(Beginning of Data excerpt)

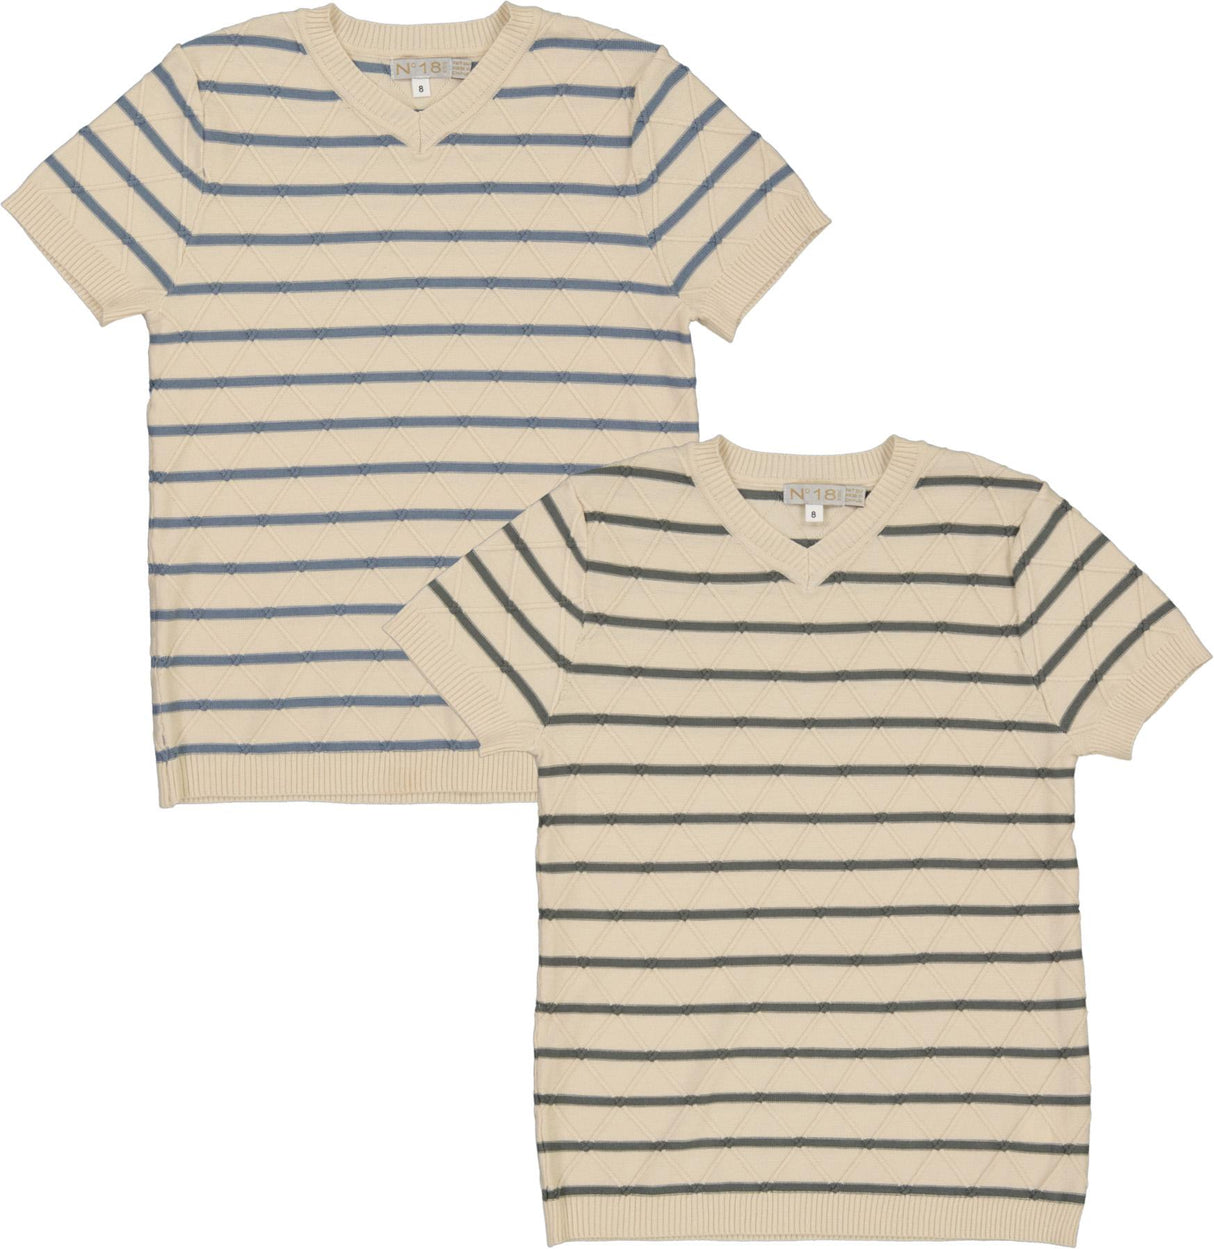 N° 18 Kids Boys Argyle Striped Short Sleeve Sweater - SB4CY2278
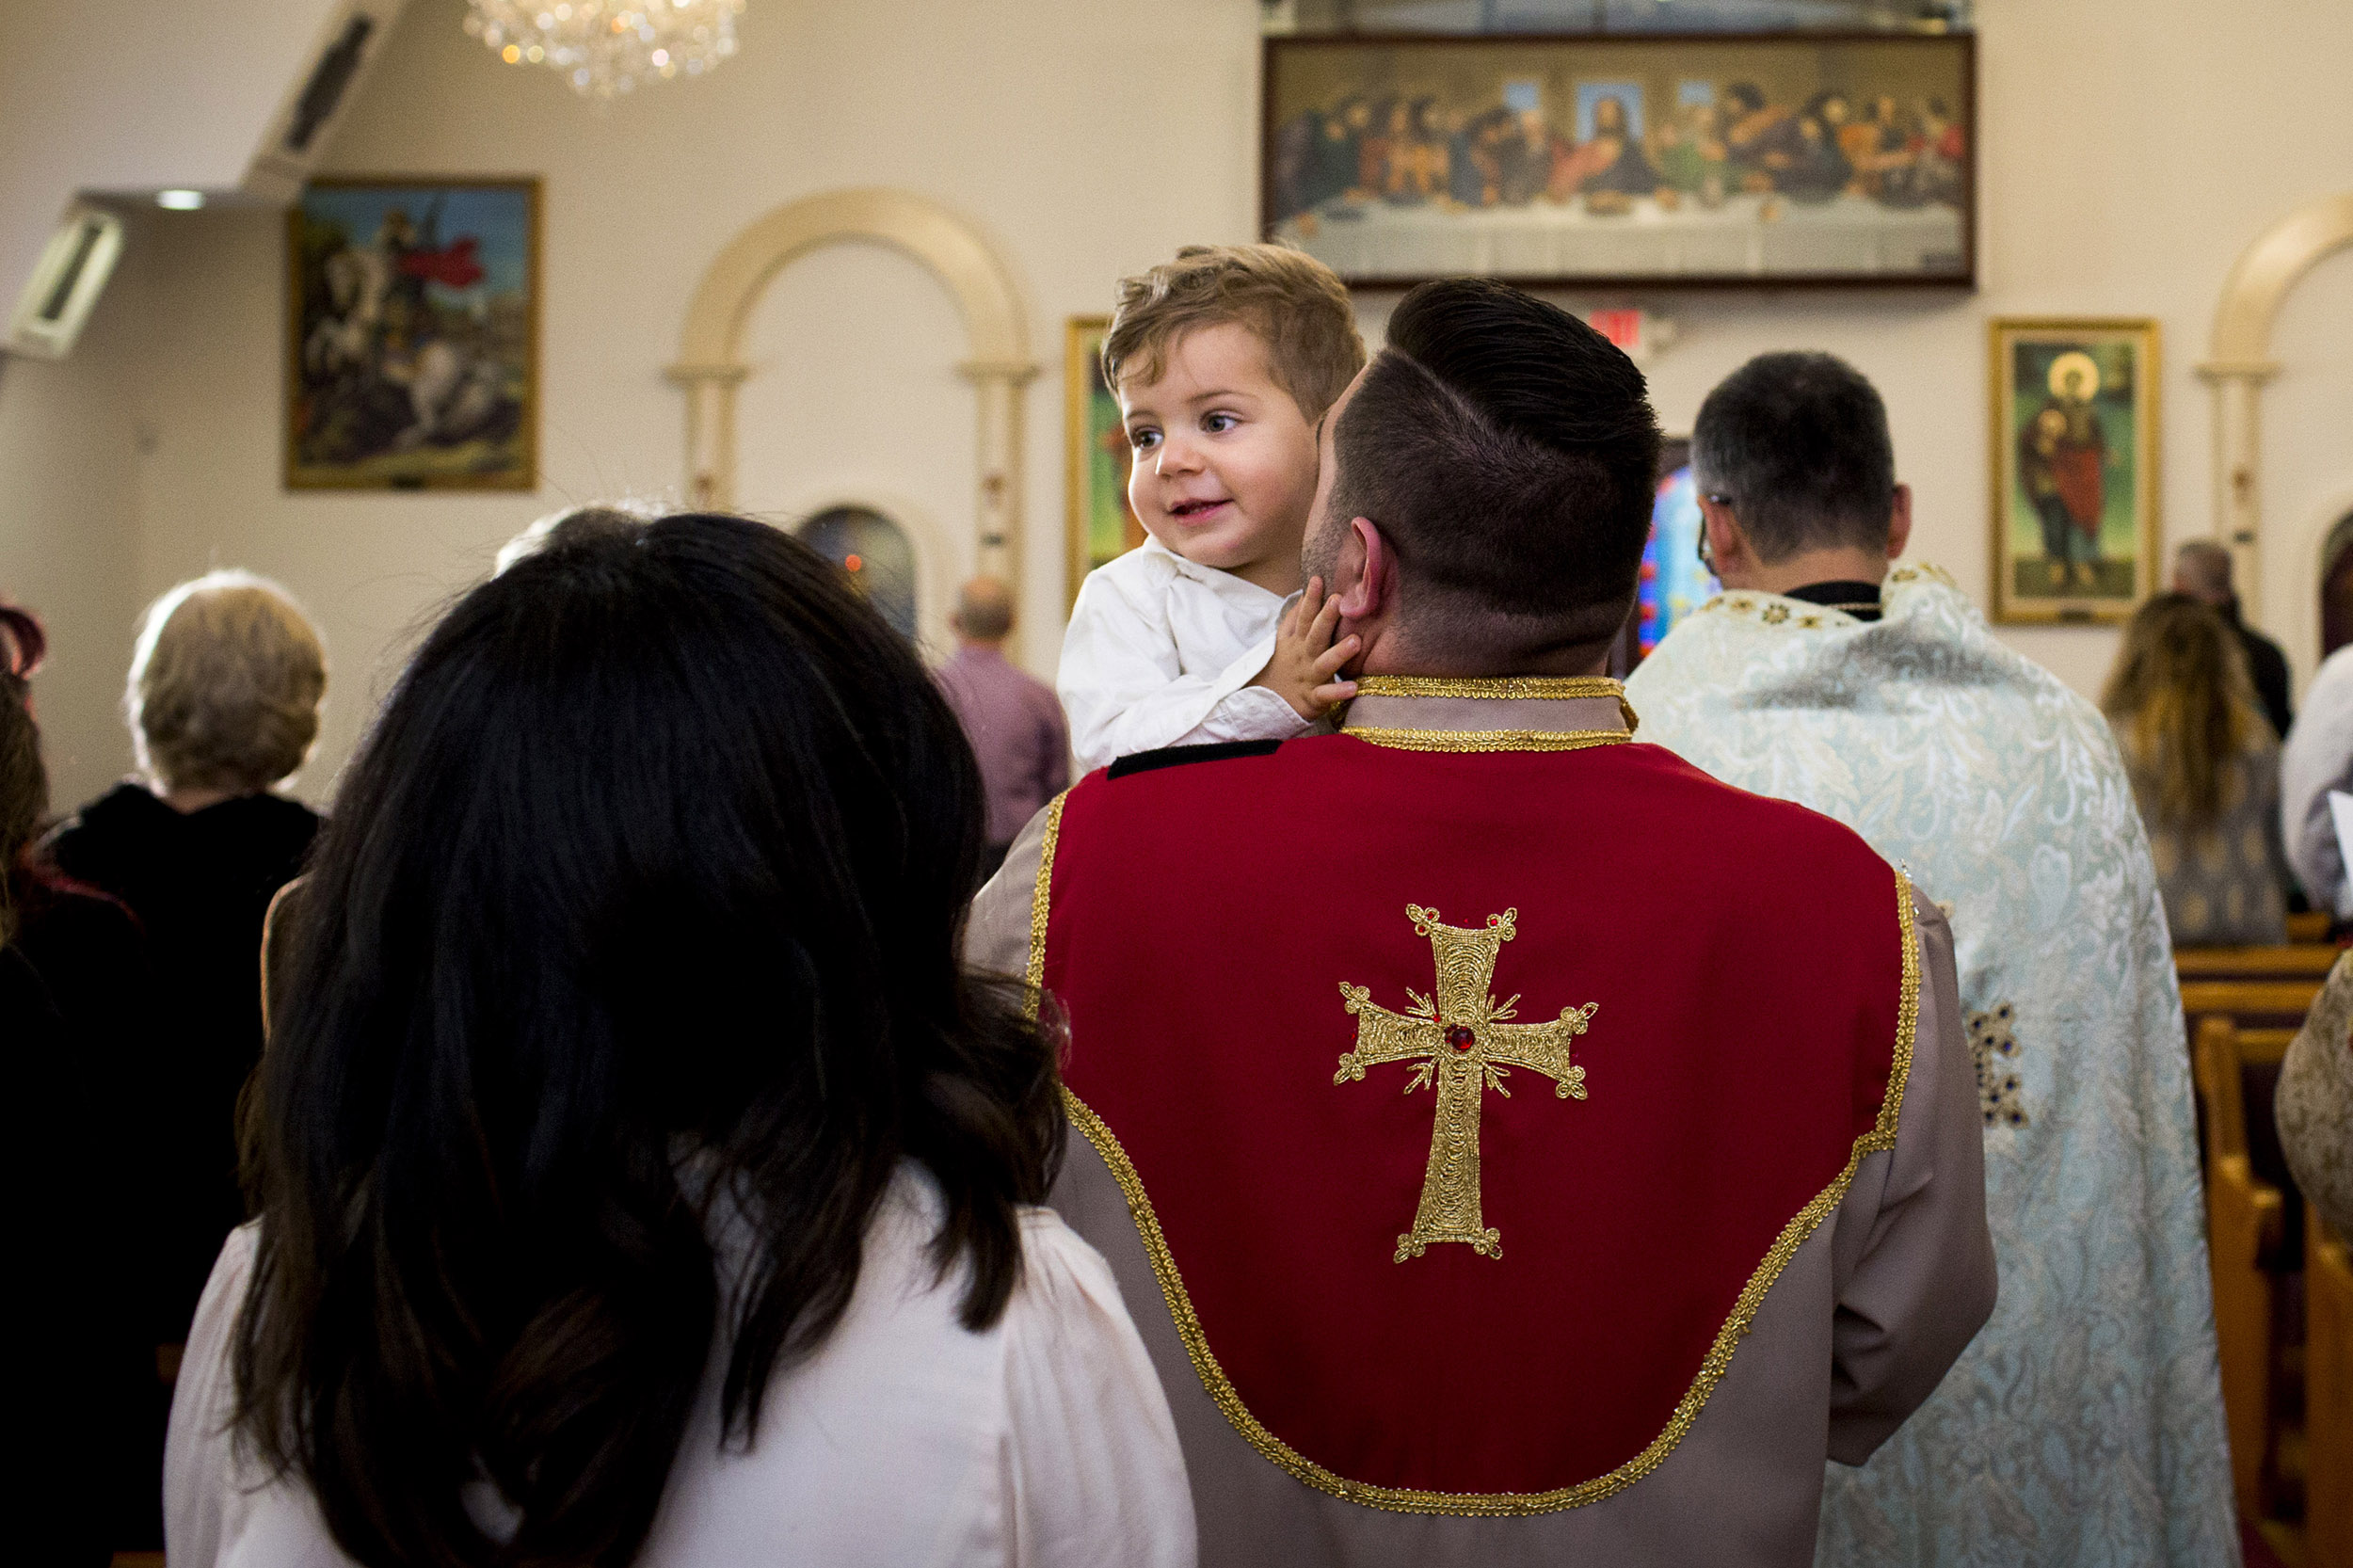 Armenian baptism photos by Los Angeles photographer, Heather DeCamp at Saint Sarfis Armenian Apostolic Church of Pasadena and little white church
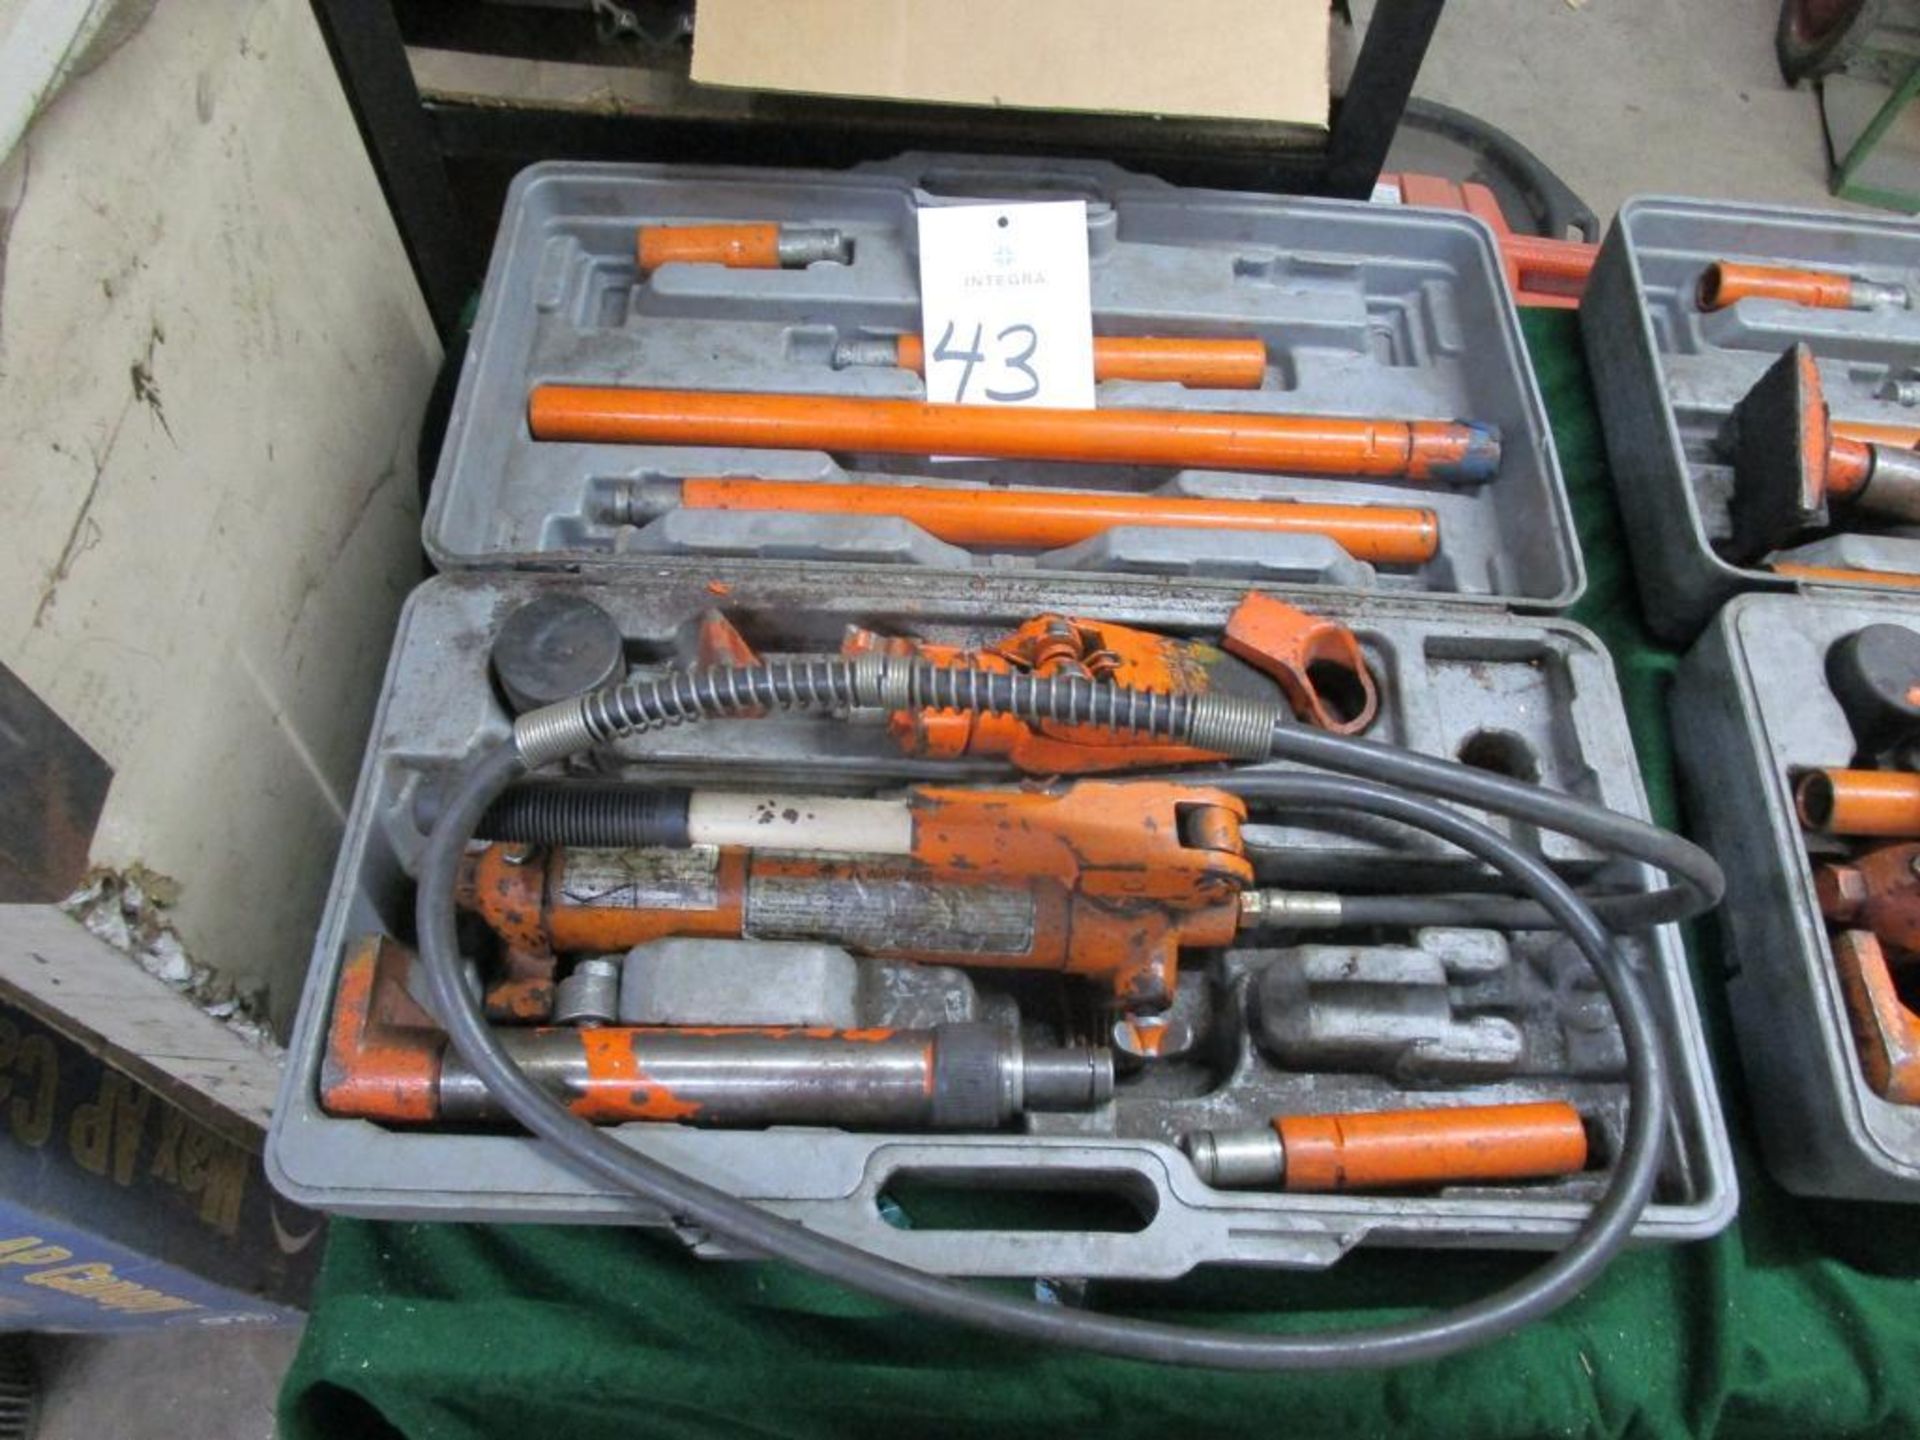 Central Hydraulics 44899 Portable Hydraulic Equipment Kit

(End of Data excerpt)

Print out all the material above exactly as it appears, omitting the images.

*Written answer*:
 N° 18 Kids Boys Argyle Striped Short Sleeve Sweater - SB4CY2278
 Armenian baptism photos by Los Angeles photographer, Heather DeCamp at Saint Sarfis Armenian Apostolic Church of Pasadena and little white church
 Central Hydraulics 44899 Portable Hydraulic Equipment Kit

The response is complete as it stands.